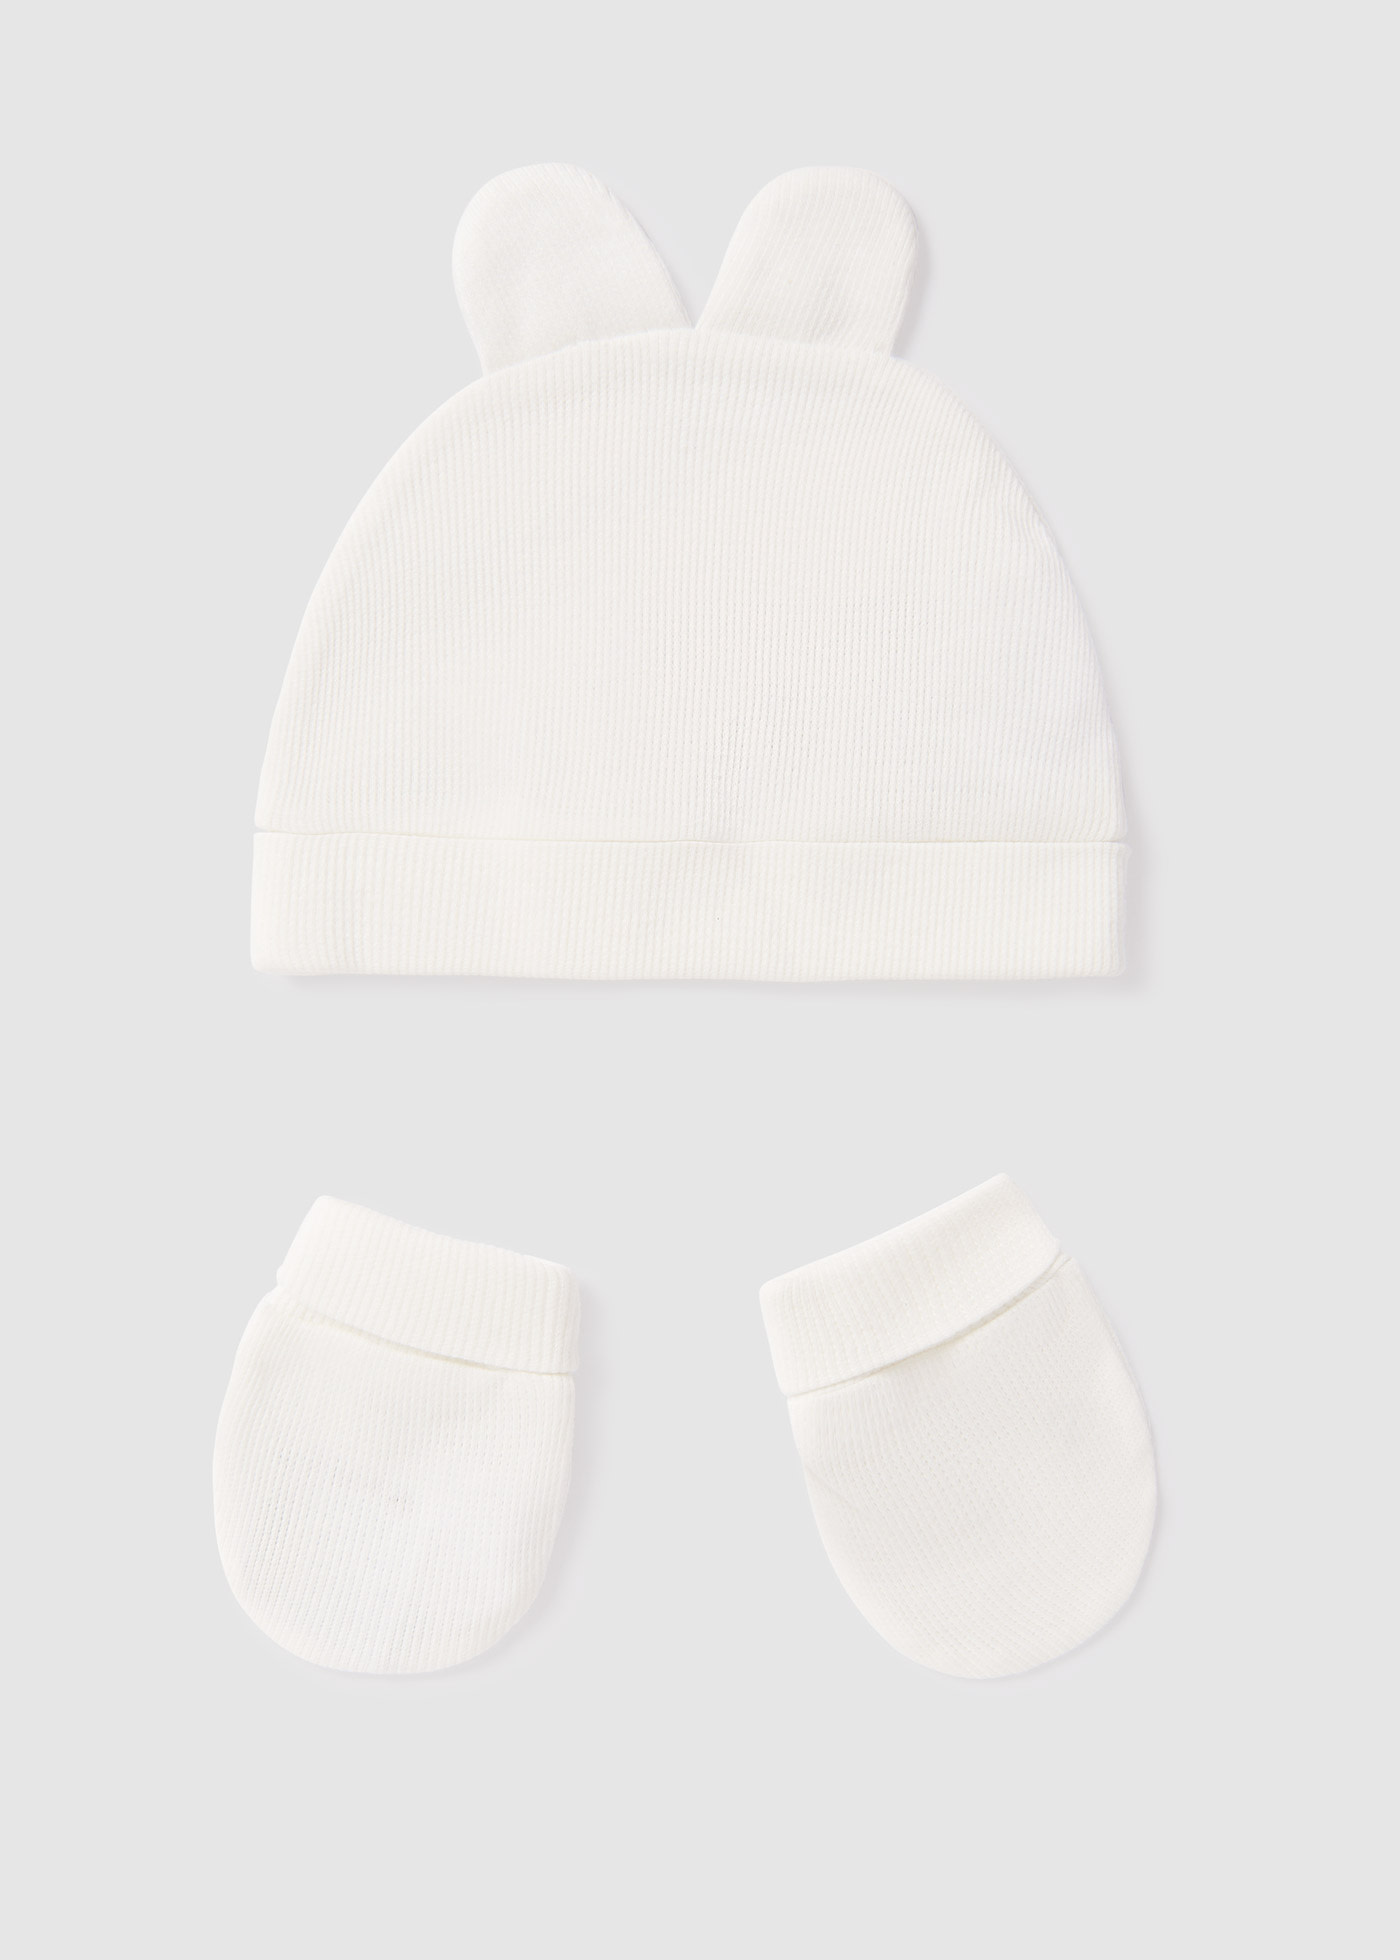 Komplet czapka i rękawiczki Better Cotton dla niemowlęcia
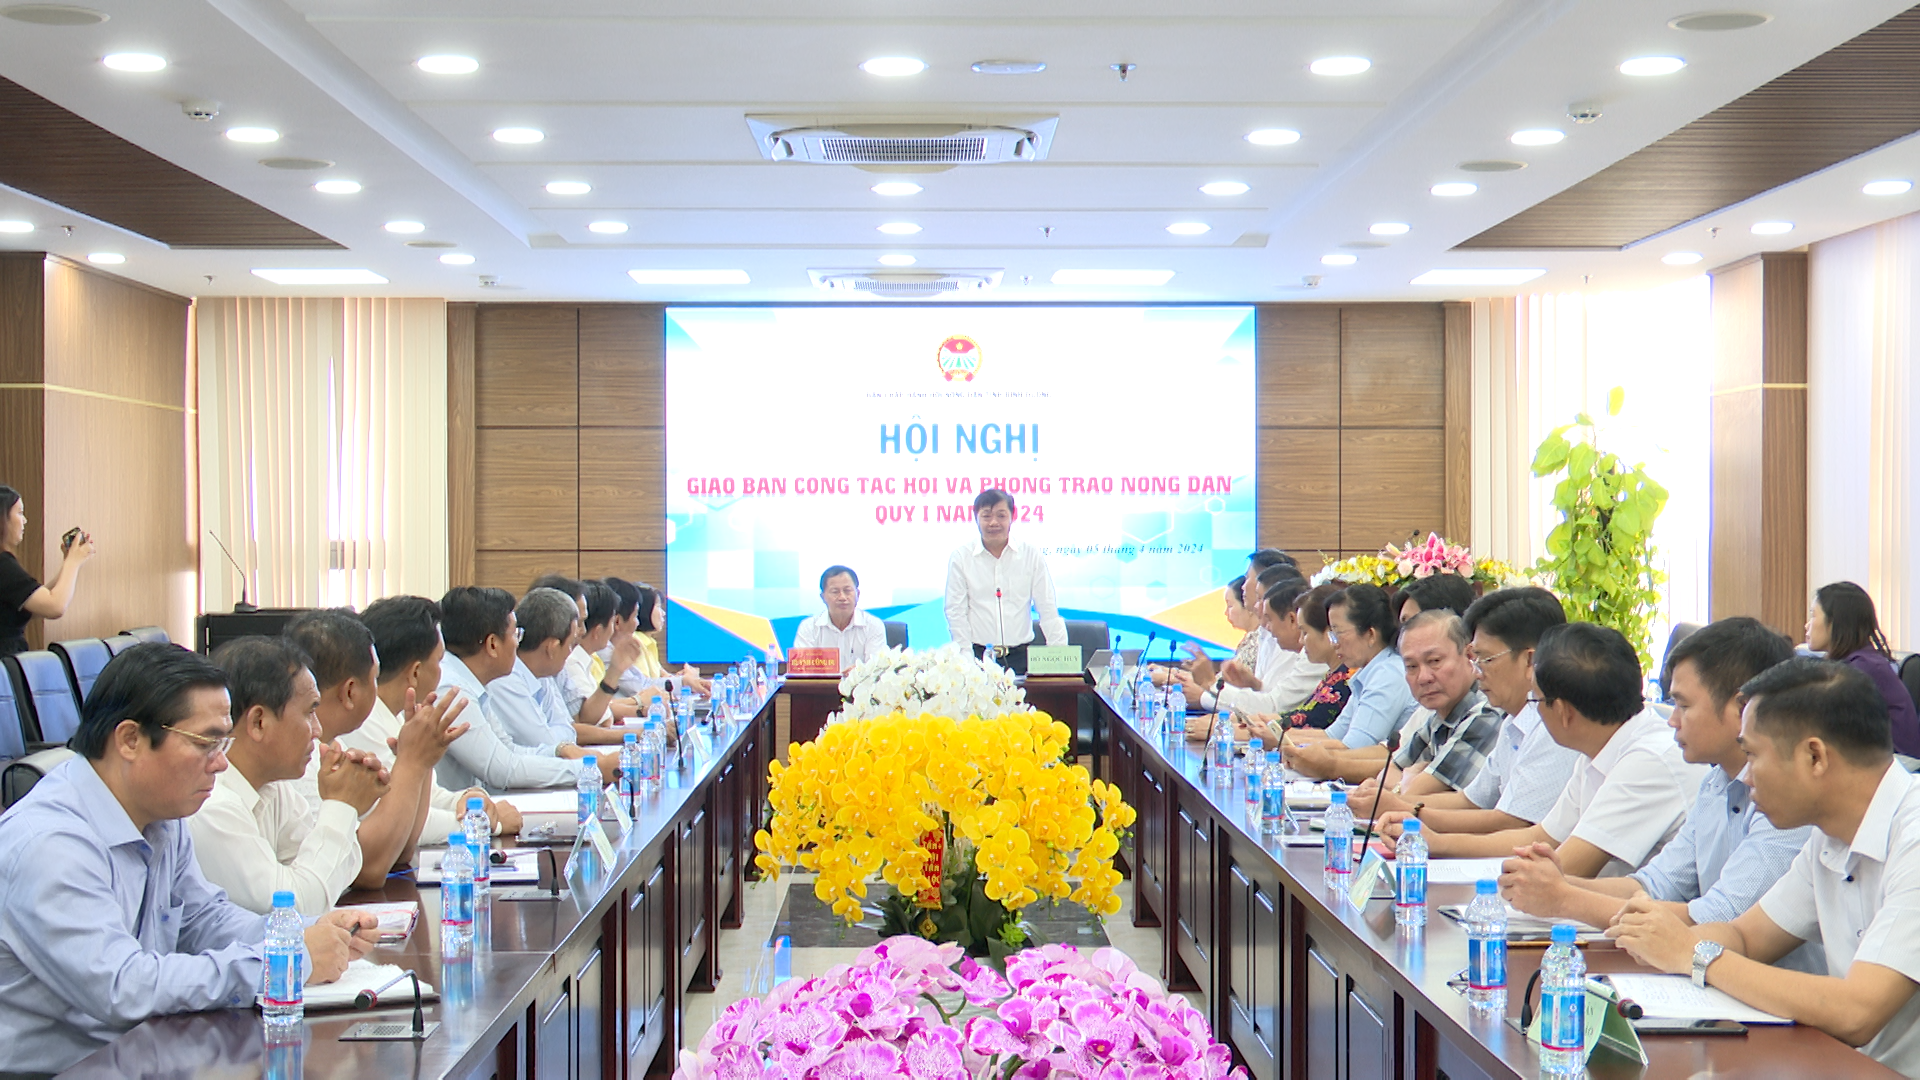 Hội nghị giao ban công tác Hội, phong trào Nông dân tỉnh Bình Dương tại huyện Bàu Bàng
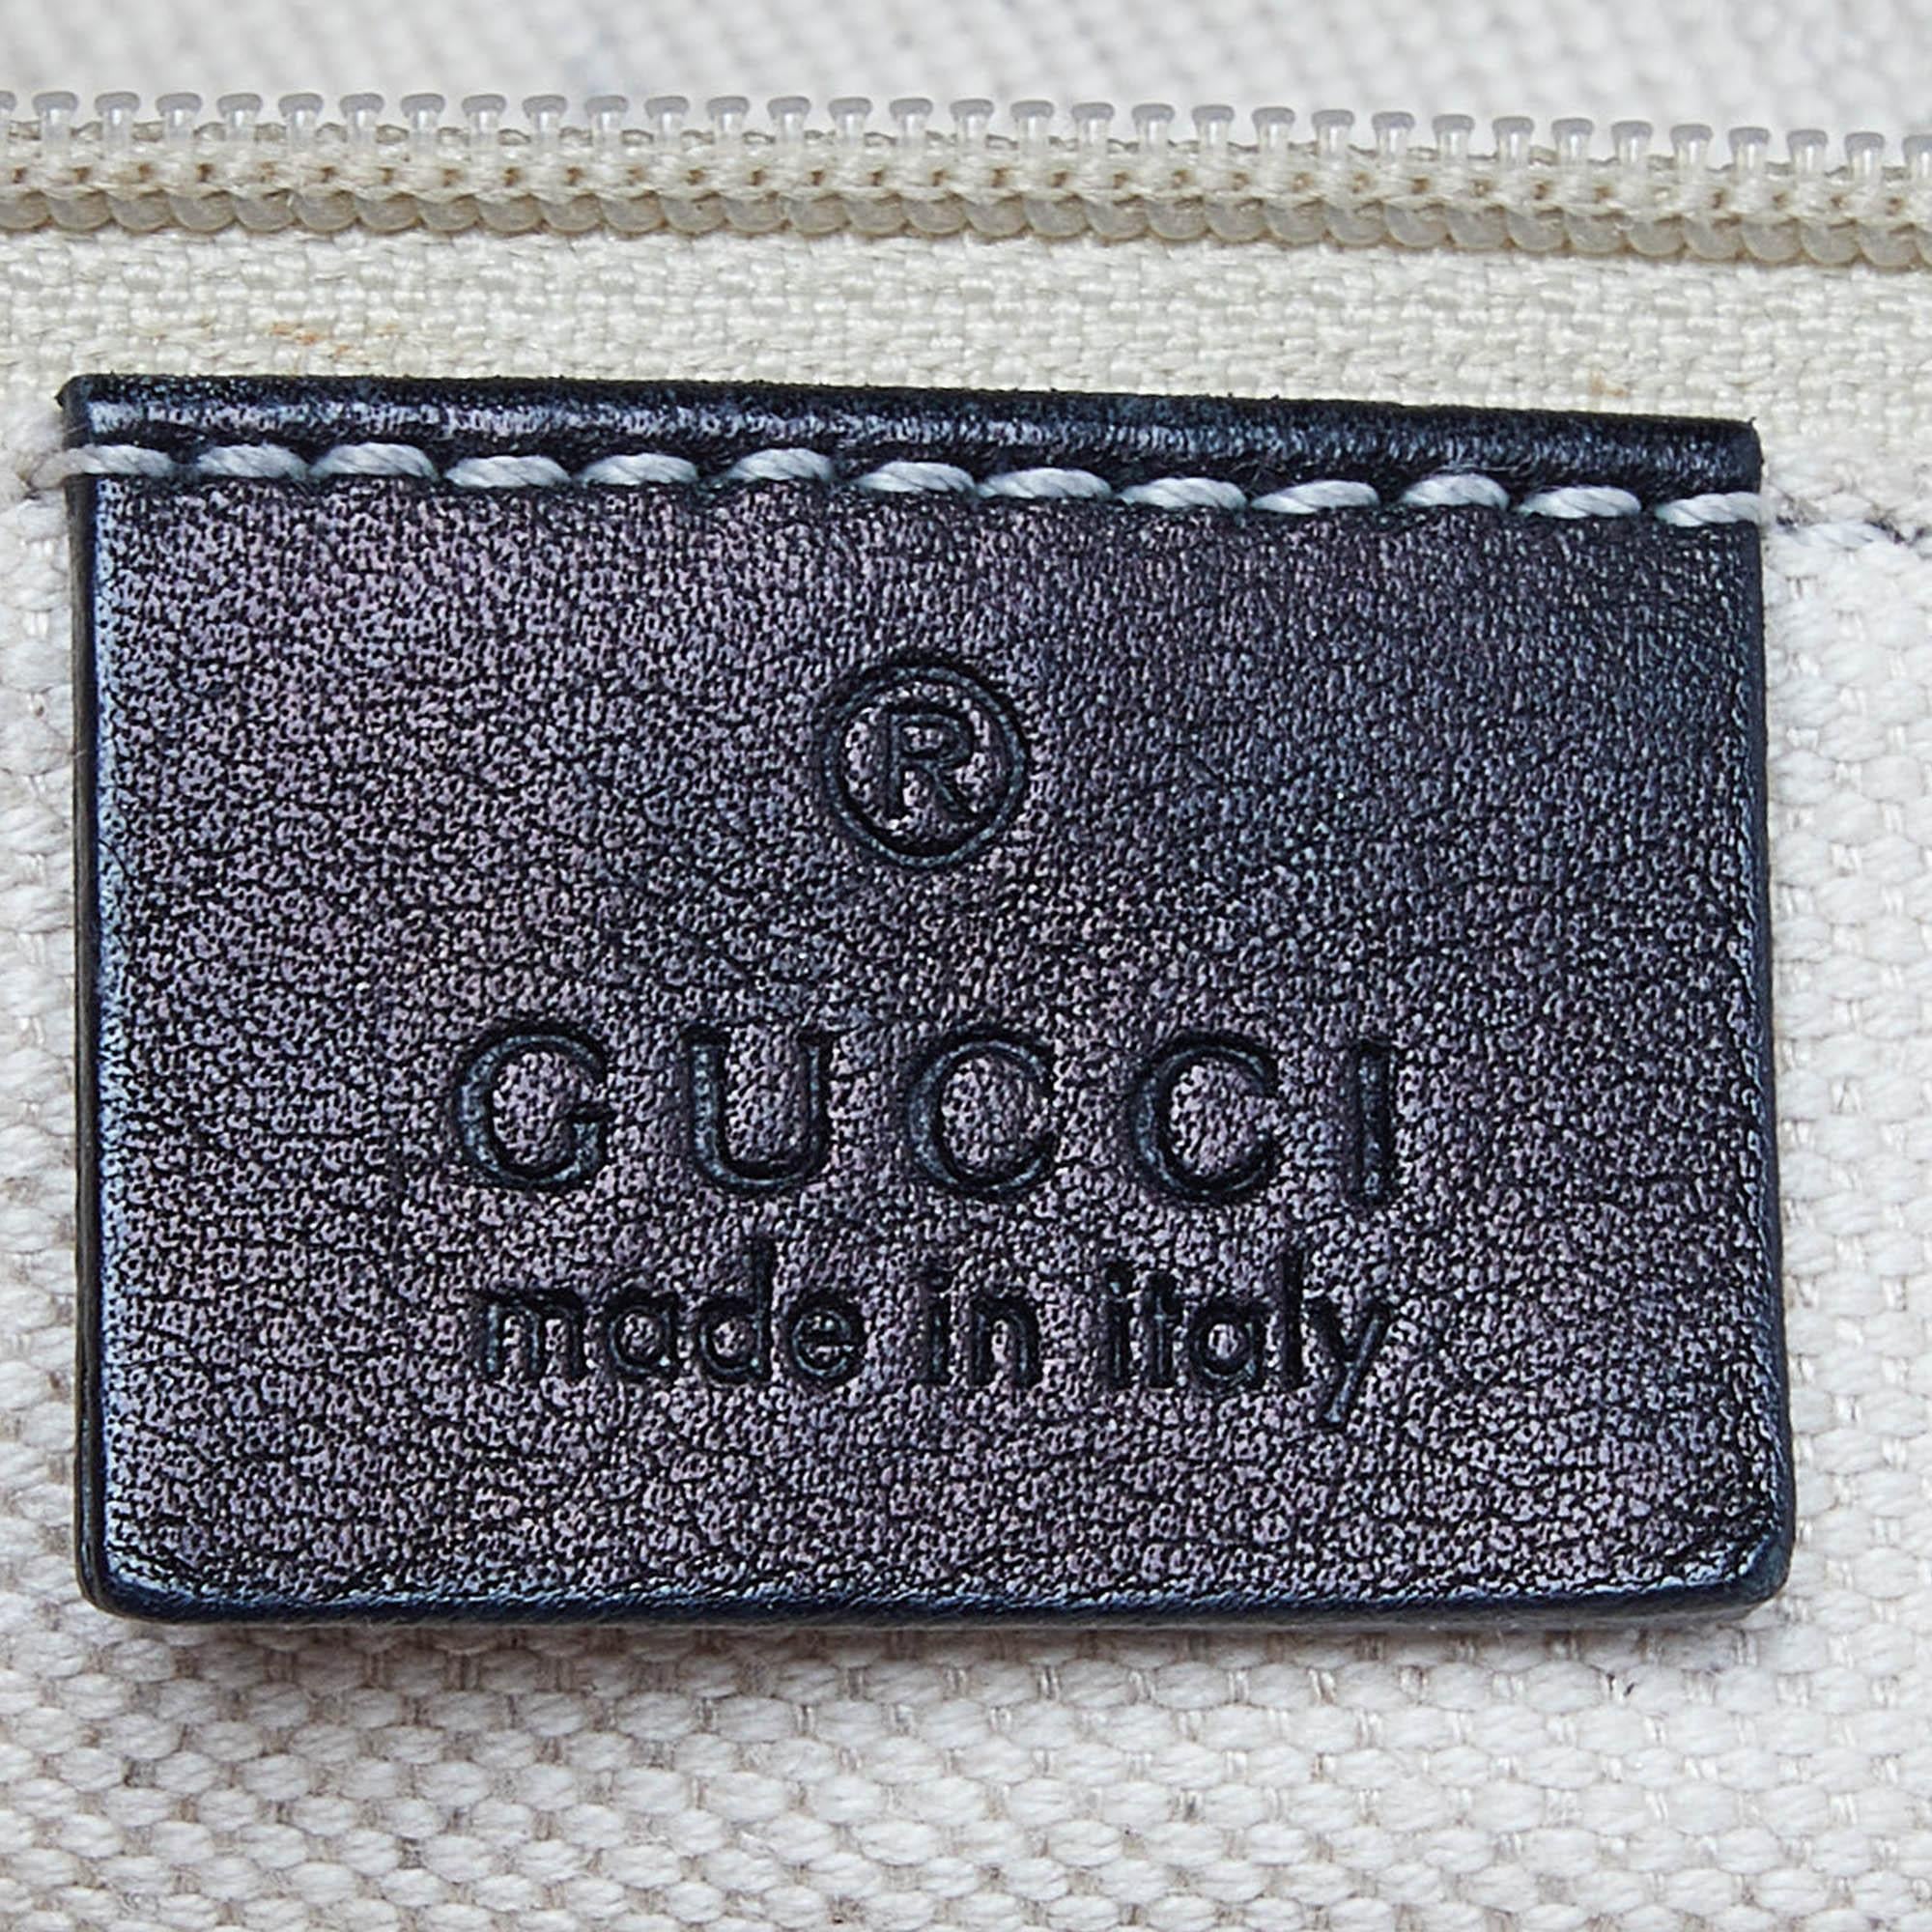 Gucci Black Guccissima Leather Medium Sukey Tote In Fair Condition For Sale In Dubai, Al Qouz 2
====
Could you give the listing again exactly, minus its pictures?

 Komplet czapka i rękawiczki Better Cotton dla niemowlęcia
 Hội nghị giao ban công tác Hội, phong trào Nông dân tỉnh Bình Dương tại huyện Bàu Bàng
 Gucci Black Guccissima Leather Medium Sukey Tote In Fair Condition For Sale In Dubai, Al Qouz 2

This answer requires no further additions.